DOI:10.1128/jb.178.4.1080-1087.1996
PMID:8576041
原文链接:https://pmc.ncbi.nlm.nih.gov/articles/PMC177768/
Abstract

Expression of many virulence genes in Vibrio cholerae is under the control of the ToxT protein. These include genes whose products are required for the biogenesis of the toxin-coregulated pilus, accessory colonization factor, and cholera toxin. ToxT is a member of the AraC family of transcriptional activators and is part of the ToxR regulatory cascade. ToxR is a transmembrane DNA-binding protein that is required for transcription of toxT and also can directly activate transcription of the cholera toxin operon (ctxAB). The sequences upstream of ctxAB and toxT to which ToxR binds show no obvious similarity, which implies that ToxR may be recognizing a degenerate sequence or, alternatively, a common structural motif within both binding sites. Data presented in this report demonstrate that nucleotides within the upstream half-site of an inverted repeat element in the toxT promoter are critical for ToxR-regulated activation of transcription in V. cholerae. In addition, gene fusion and DNA-binding studies with mutant ToxR proteins indicate that residues of ToxR required for binding to the ctx promoter are also required for binding to the toxT promoter. These data suggest that ToxR is not recognizing an inverted repeat sequence per se in the activation of toxT but, rather, some motif composed in part of sequences within the upstream half-site of the inverted repeat and that ToxR recognizes similar motifs within the ctxAB and toxT promoters.

摘要

霍乱弧菌中许多毒力基因的表达受ToxT蛋白的调控。这些基因包括其产物对于毒素共调菌毛、辅助定植因子和霍乱毒素的生物合成所必需的基因。ToxT是转录激活因子AraC家族的成员,是ToxR调控级联反应的一部分。ToxR是一种跨膜DNA结合蛋白,是toxT转录所必需的,并且还可以直接激活霍乱毒素操纵子(ctxAB)的转录。

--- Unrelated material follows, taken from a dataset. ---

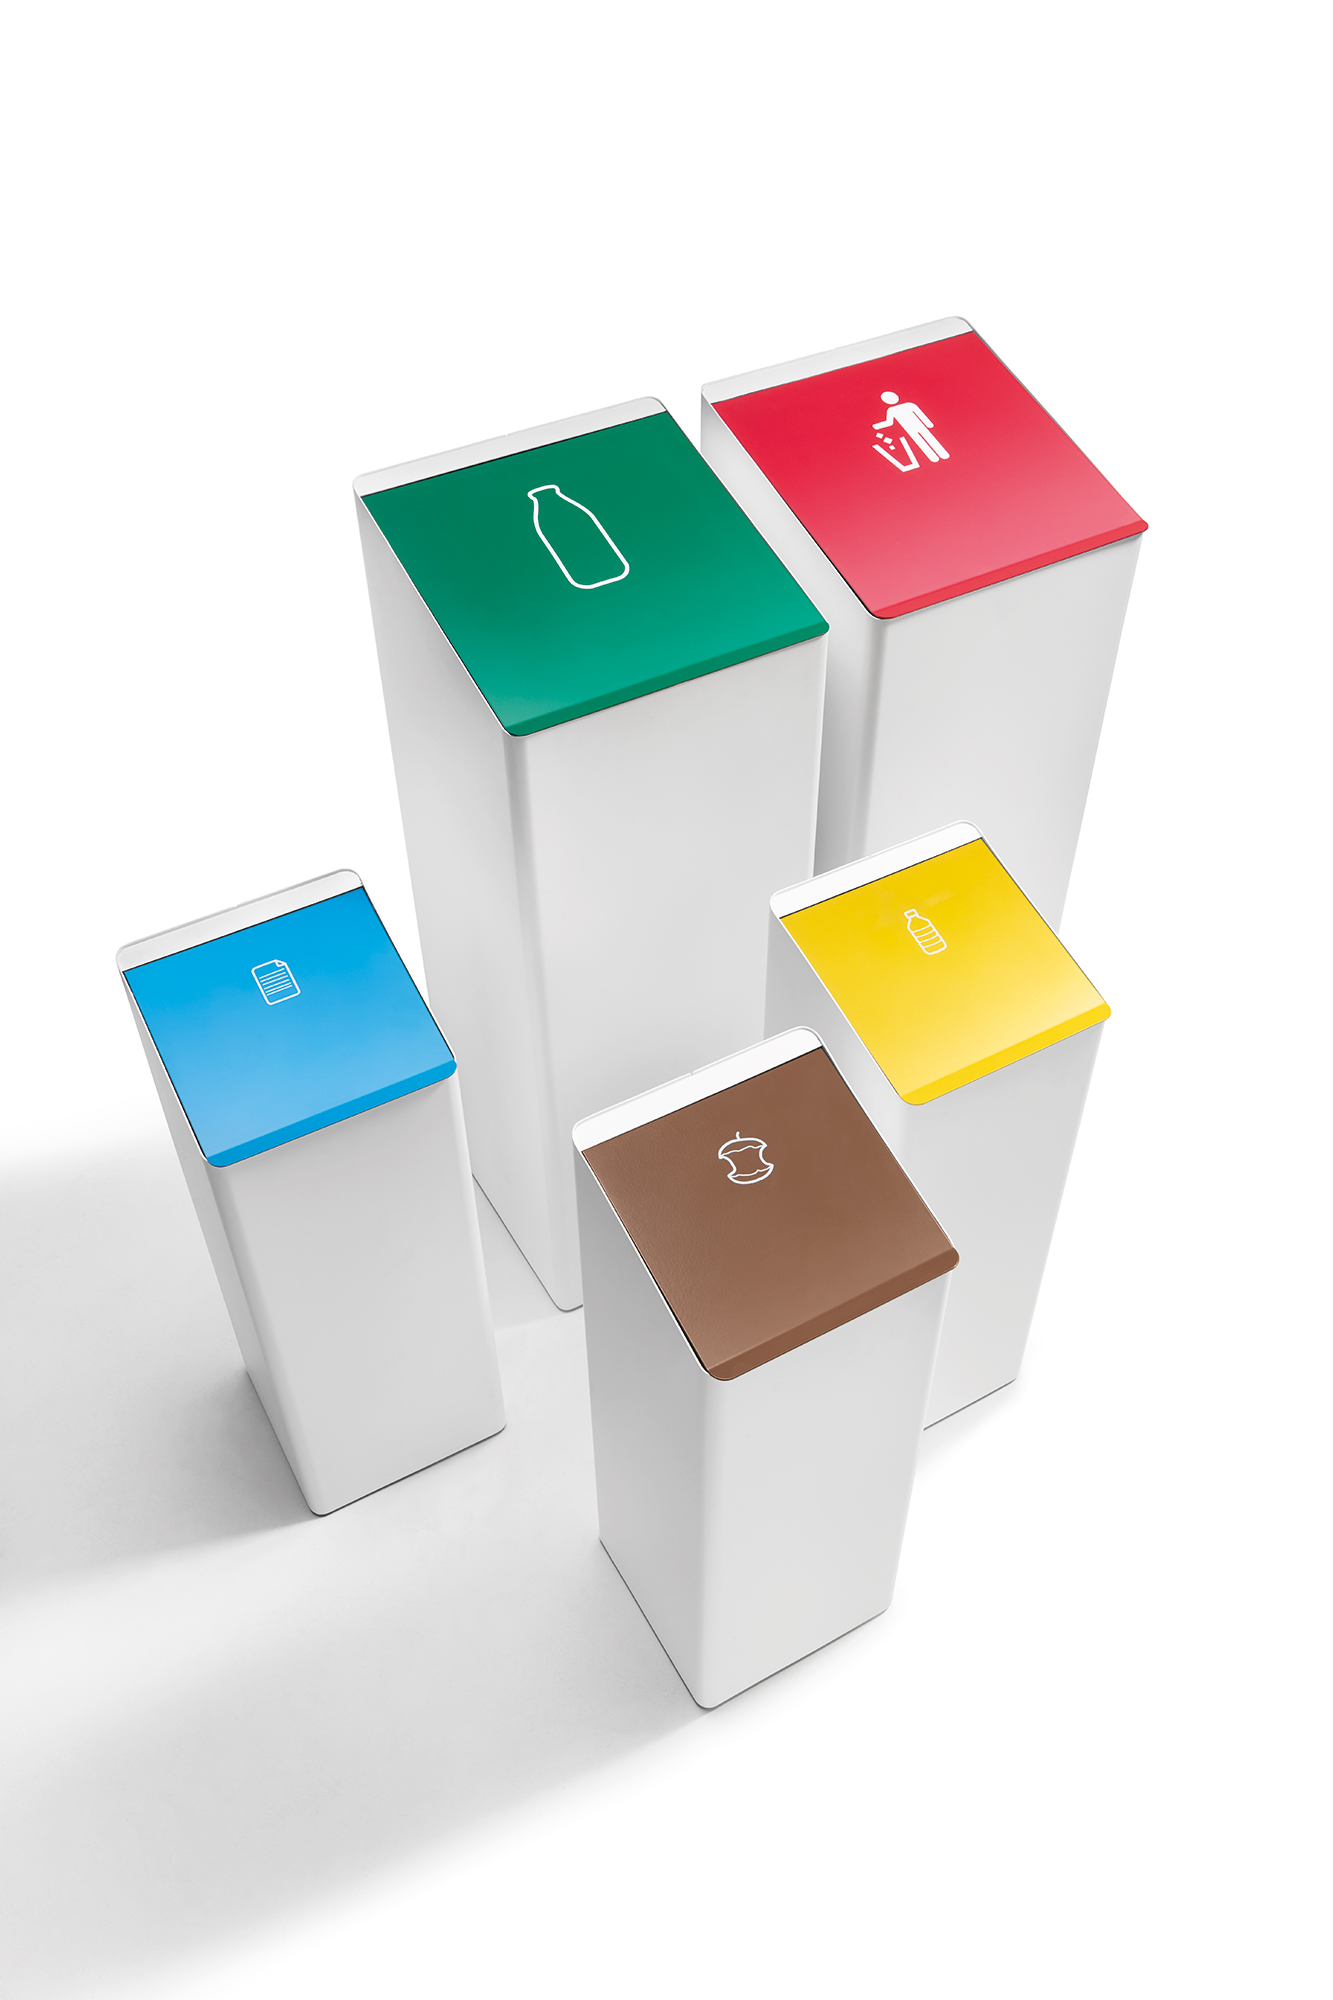 conteneur de recyclage coloré avec logo

ToxR结合的ctxAB和toxT上游序列没有明显的相似性,这意味着ToxR可能识别一个简并序列,或者是两个结合位点内的一个共同结构基序。本报告中呈现的数据表明,toxT启动子中反向重复元件上游半位点内的核苷酸对于霍乱弧菌中ToxR调控的转录激活至关重要。此外,对突变ToxR蛋白的基因融合和DNA结合研究表明,与ctx启动子结合所需的ToxR残基也是与toxT启动子结合所必需的。这些数据表明,ToxR在激活toxT时并非识别反向重复序列本身,而是识别部分由反向重复上游半位点内的序列组成的某个基序,并且ToxR在ctxAB和toxT启动子内识别相似的基序。